Wow! Amazon AI Can Talk Like a Human!

What did the Amazon AGI research team say?

A research team from Amazon AGI (Artificial General Intelligence) claims that Amazon’s AI model has demonstrated language abilities that were not previously taught. In an unpublished academic paper, a research team from Amazon AGI claims their large language model exhibits “high-level natural fluency” in conversational text.

According to the examples shared, the model looks sophisticated. It is able to generate a variety of sentences that show language leaps similar to those that occur in human language learners. This, based on criteria created with the help of linguists, is a difficult achievement to achieve in AI.

Researchers trained the model “Big Adaptive Streamable TTS with Emergent abilities” (BASE TTS) on 100,000 hours of public domain speech data, 90% of which was in English. The goal was to learn how Americans speak better. BASE TTS is expected to produce voices that are more natural and easier for English speakers to understand.

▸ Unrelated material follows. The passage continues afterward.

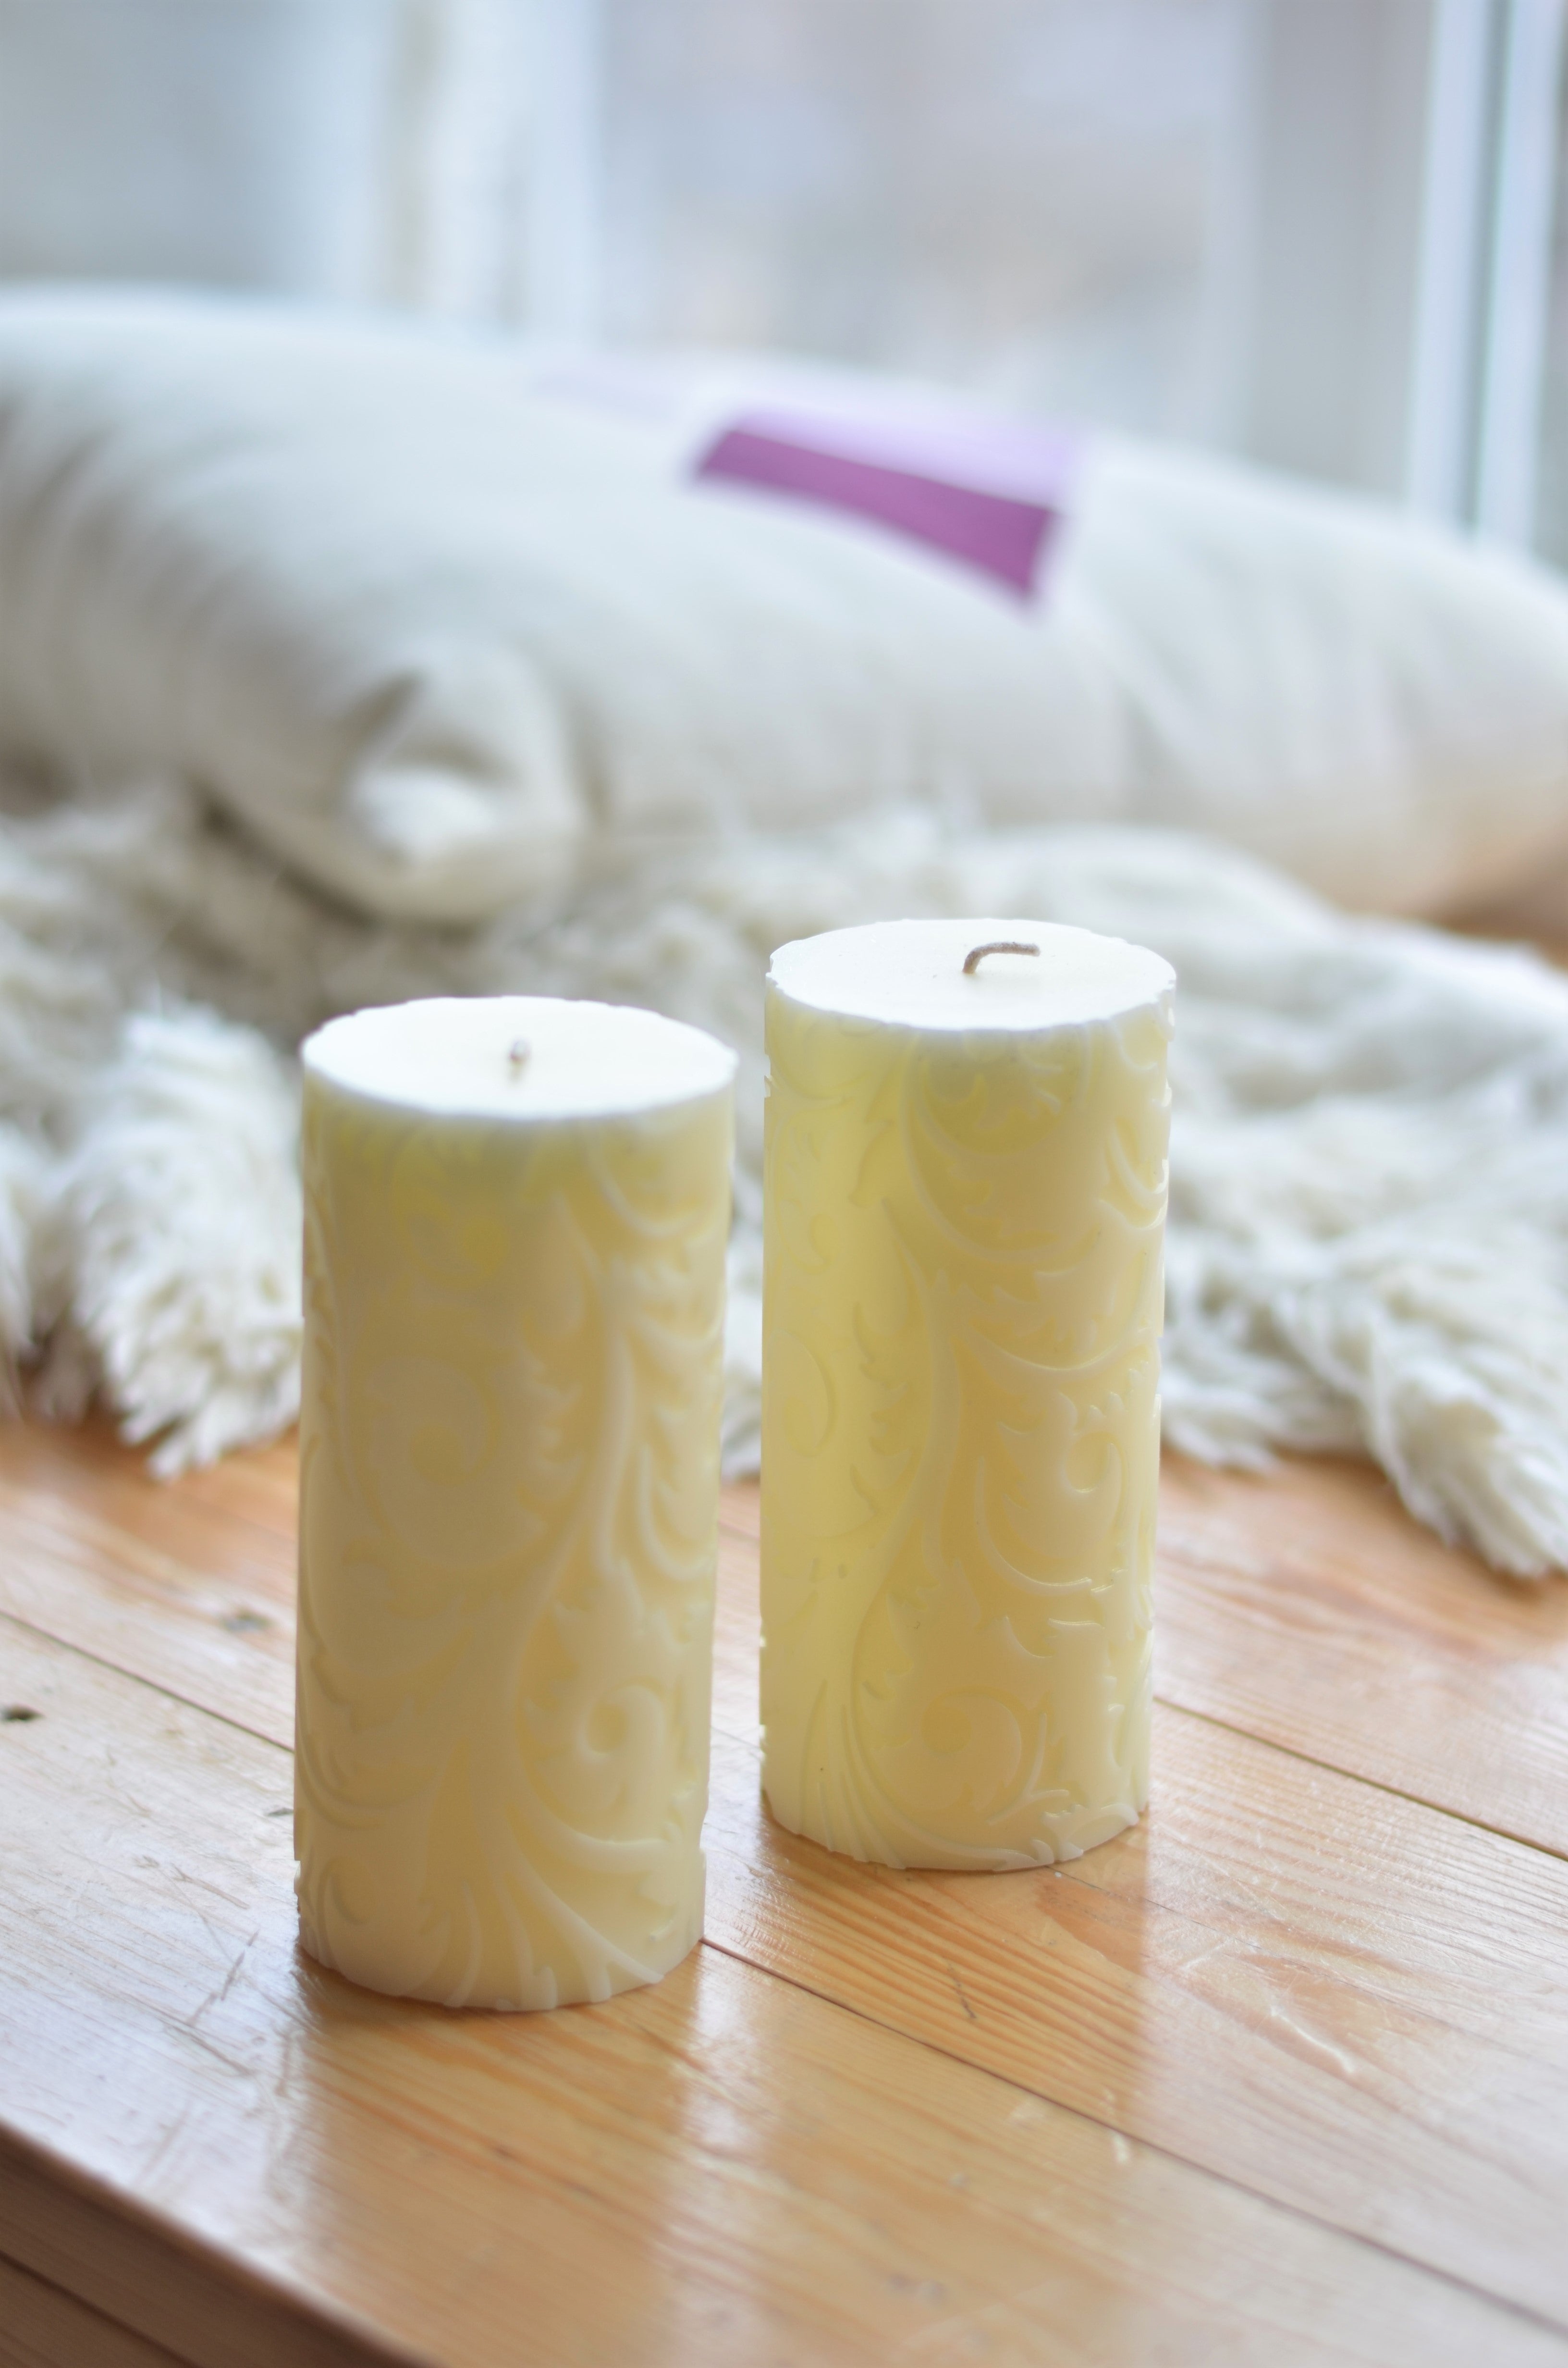 Magik Life 2 Pack Pillar Candles 3x6 Unscented Decorative Long Lasting Handcrafted Candles- Pillar Candle 60 Hour Burn

The Amazon AGI team wanted to test the “emergent abilities” of their language model. To do this, they trained two smaller models, one trained with 1,000 hours and one with 10,000 hours. The goal was to see which of these two models showed the language fluency they were looking for.

By comparing the performance of these two models, the Amazon AGI team hopes to determine the optimal model size to demonstrate “emergent abilities.”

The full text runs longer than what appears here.